Drs. Pons and Fleischmann originally reported getting four watts of excess heat for every one watt of electricity coming out, a 300 percent increase, and "bursts" of heat that reached up to 5000 percent.

But their more recent results have claimed only in the 20 percent to 30 percent level, according to Dr. Will.

Most scientists attributed the lower amounts to scientists, including Drs. Pons and Fleischmann, perfecting the experiment and eliminating many measurement errors contributing to the high results.

But Dr. Will is not ready to dismiss the earlier, higher results.

It is his hypothesis that those early "dirty" experiments provided the unknown catalysts to trigger the large amounts of heat. He said he has an idea about a triggering mechanism, but he did not want to discuss it with the press. "I think the group in India is already on to it."
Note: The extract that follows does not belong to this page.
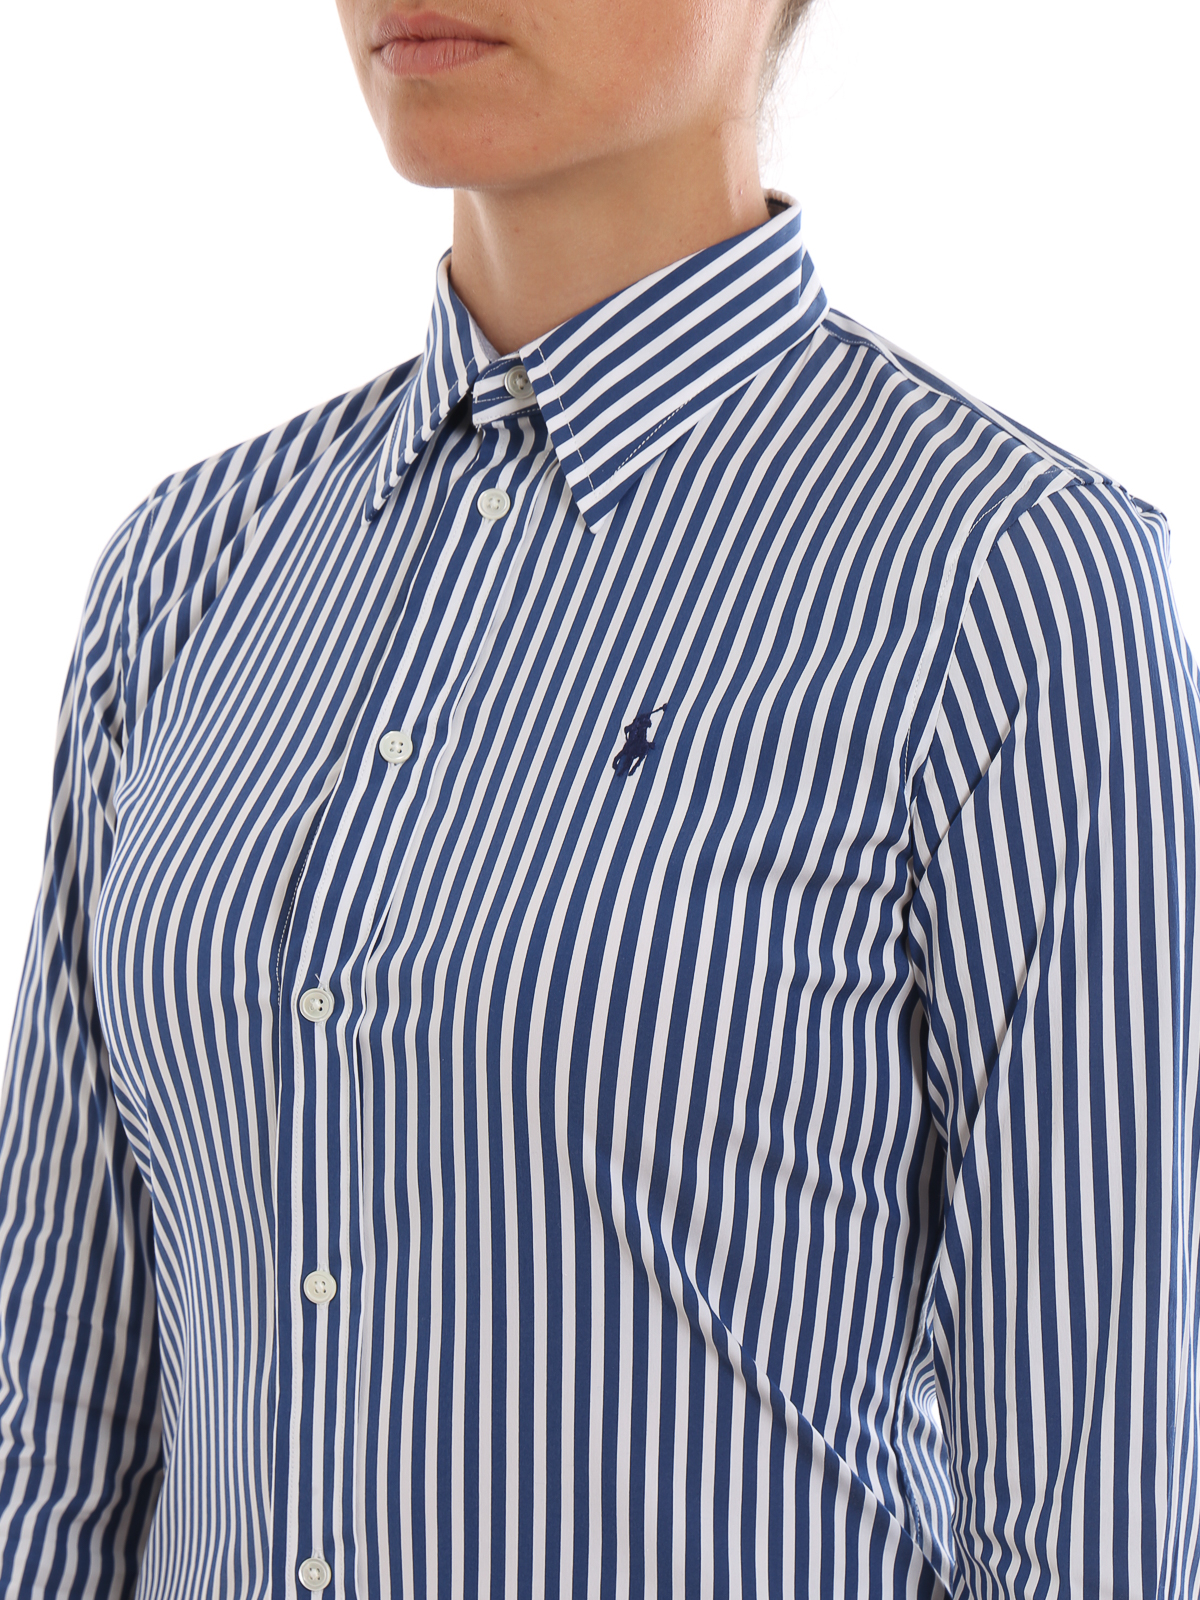 wat betreft Met pensioen gaan Automatisch Shirts Polo Ralph Lauren - Blue and white striped shirt - 211753076004
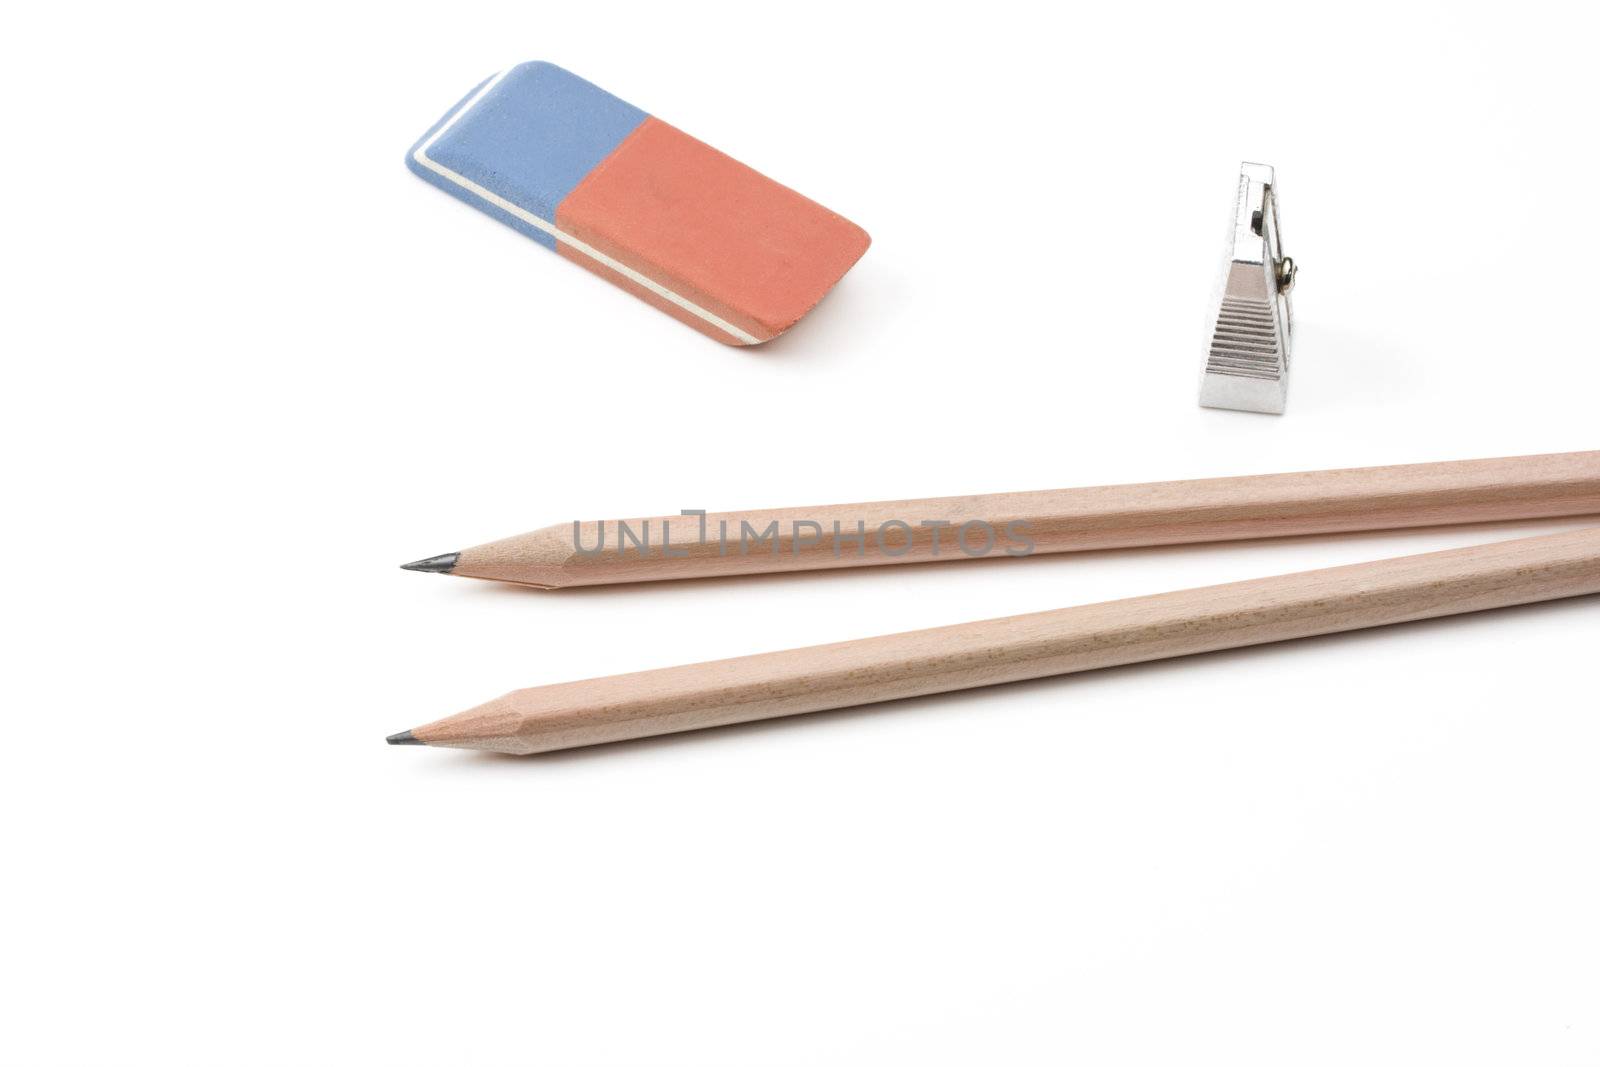 a pen, a sharpener and an eraser by bernjuer

One recent excess-heat experiment which has buoyed Dr. Will and others is the unusual work of two University of Hawaii researchers who ran their device using molten salts at about 650 degrees fahrenheit. They claimed to produce heat levels around 600 percent, with peak levels of 1500 percent.

But Dr. Morrison said he saw a paper on that work presented in Hawaii, and "they haven't made all the checks. It's still too early."